One of the nicest tricks used in the new ARM is that lists of pointers are terminated by dummy instructions not on word boundaries. As the MMU traps accesses to all such words, the end of a list may be detected by intercepting the error raised by the MMU.
Access permissions are mapped separately from the virtual addresses, and can be manipulated in isolation. Page faults and permission faults are also handled by independent hardware. Access permissions are held in a 'domain space,' which is a contiguous arbitrary-sized block of pages. The chip supports up to 16 of these domains, each of which may be assigned an access level by the task managing it. Tasks are divided into clients, which may be denied access to a domain if the relevant access bits are set, and managers, which can always grab a domain directly. Each task may (and usually will) use multiple domains.
The trouble with this kind of management is that it generates huge amount of garbage, as tasks claim and release domains. It is predicted that the ARM 610 will support (not had the specs on this) a garbage collection program, running concurrently with whatever other task are present, which will release areas of memory which were claimed by a task since terminated by changing the permissions; I'm still not sure that this wouldn't leave some tasks stranded, though. Further info on this would be appreciated.

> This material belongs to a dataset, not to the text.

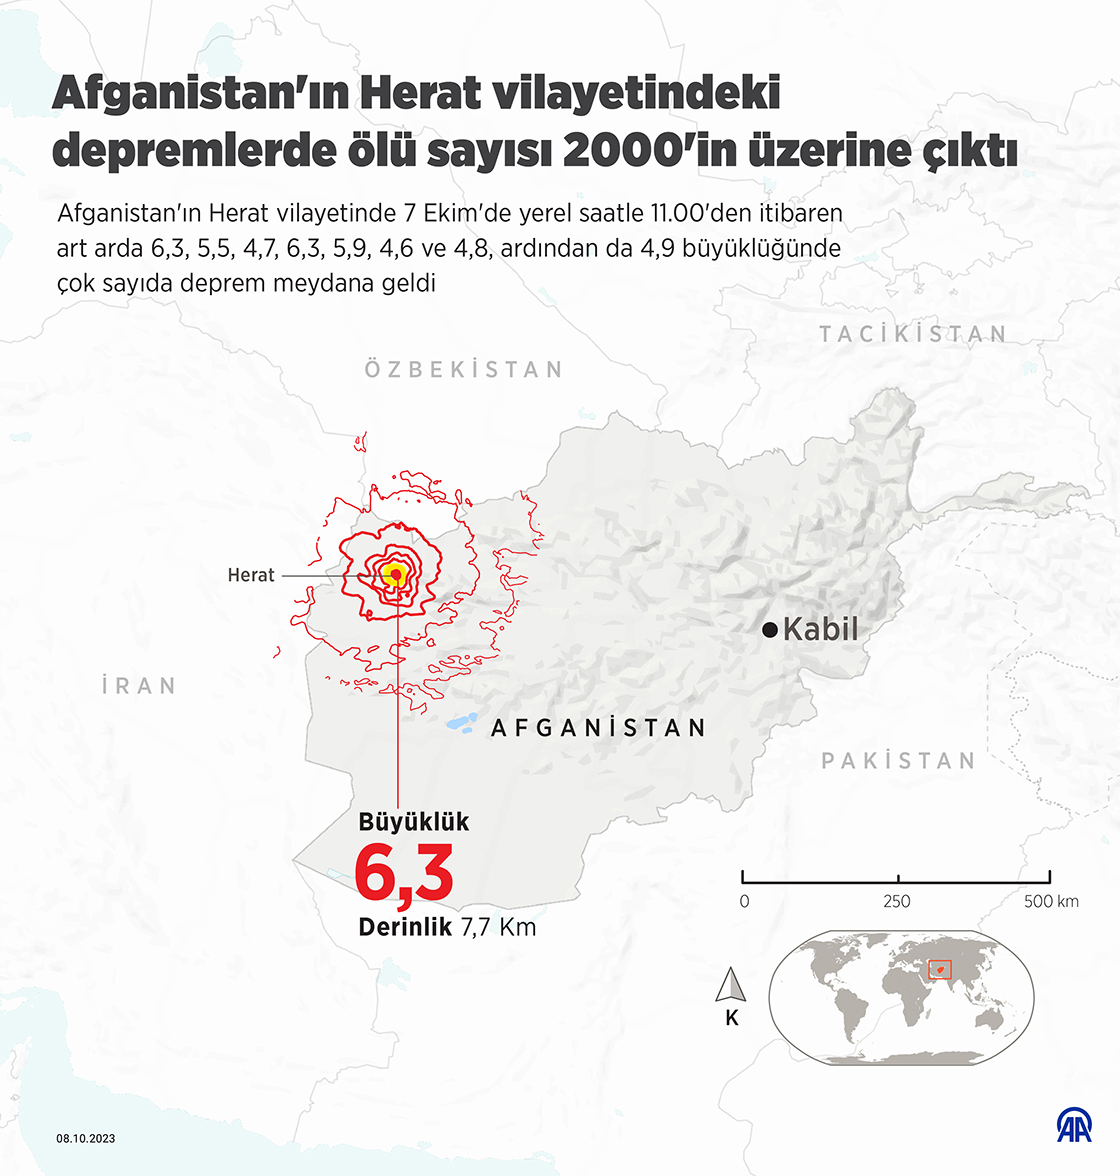 Afganistan'ın Herat vilayetindeki depremlerde ölü sayısı 2000'in üzerine çıktı

Rumours of the ARMs 7 and 8 exist, and it is believed that a prototype ARM 8 (probably built from ECL) has been run on Acorn's testbeds. Both ICs are said to be fully parallel-capable, and rumour has it that the ARM 8 is capable of asynchronous processing (although the current Arcs canbe considered asynch, as each of the four main ICs runs at a different speed; I'd be interested to know how an ARM 250 clocks the various parts of its mega-wafer). If this is so, an Archimedes n (where n is large!) would basically put mainframe processing power squarely on the desk. Thank you, Intel, and goodnight.